Sometime after the fight when it was discovered that Tatsuyoshi had suffered a ruptured retina it was widely reported that he would be forced to retire. On that basis, the WBC set up a match between Victor Rabanales and Yong-Hoon Lee to decide the vacant title. However, when it was heard that the doctors were hopeful of Tatsuyoshi returning to action in the not too distant future, Rabanales v Lee was retrospectively recognised as having being for the ‘interim’ title. Contested on 30 March 1992, at the Great Western Forum, Los Angeles, California, USA, Rabanales won on a ninth-round technical decision after he had been accidentally cut following a head clash. Rabanales then went on to defend the ‘interim’ title twice more before Tatsuyoshi was fit to box again, defeating Luis Alberto Ocampo (w rsc 4 at the Bullring, Tuxtla, Mexico on 16 May 1992) and Chang-Kyun Oh (w pts 12 at the Great Western Forum on 27 July 1992).

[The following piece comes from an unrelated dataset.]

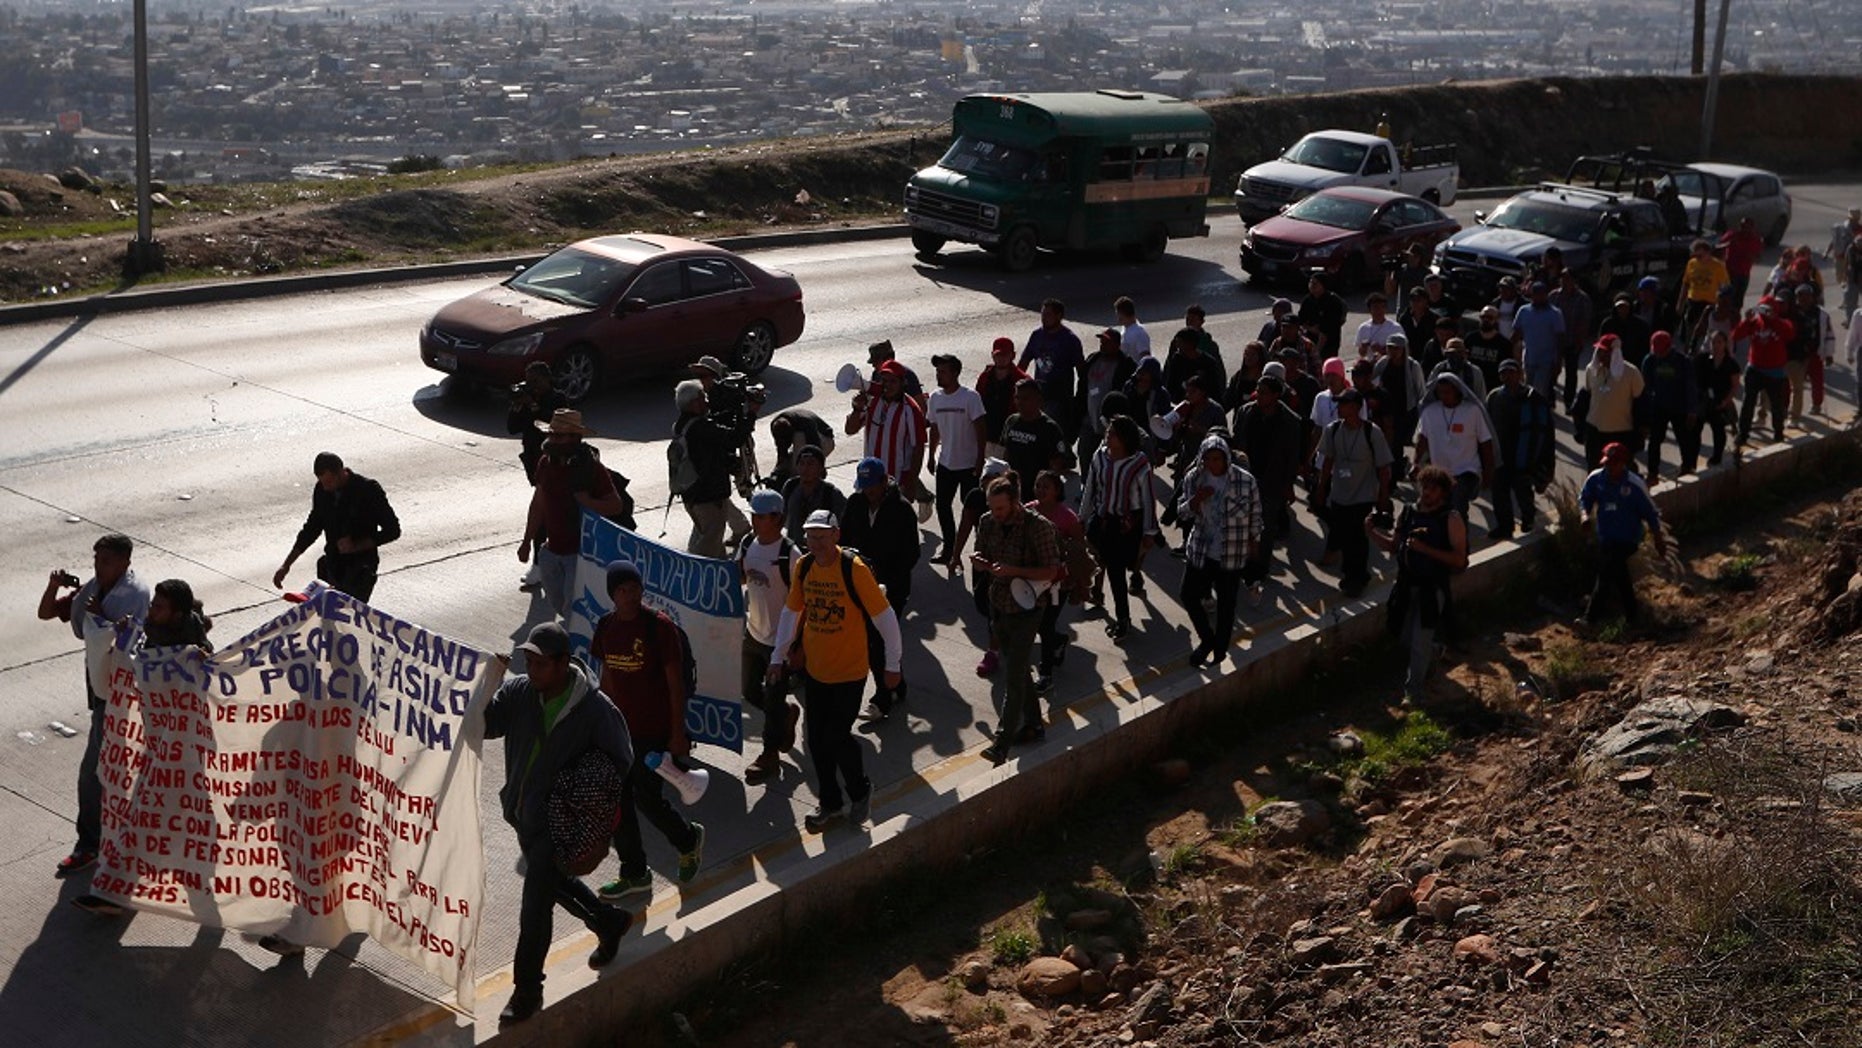 Central American migrants march to the U.S. consulate in Tijuana, Mexico, Tuesday, Dec. 11, 2018. (AP Photo/Moises Castillo)

With 34 wins, two draws and ten defeats on his record, the tough, hard-working Rabanales had been a pro since August 1983 and had already been beaten by Greg Richardson in an unsuccessful tilt at the title.

 

17 September 1992. Victor Rabanales w rsc 9 Joichiro Tatsuyoshi

Venue: Castle Hall, Osaka, Japan. Recognition: WBC. Referee: Richard Steele.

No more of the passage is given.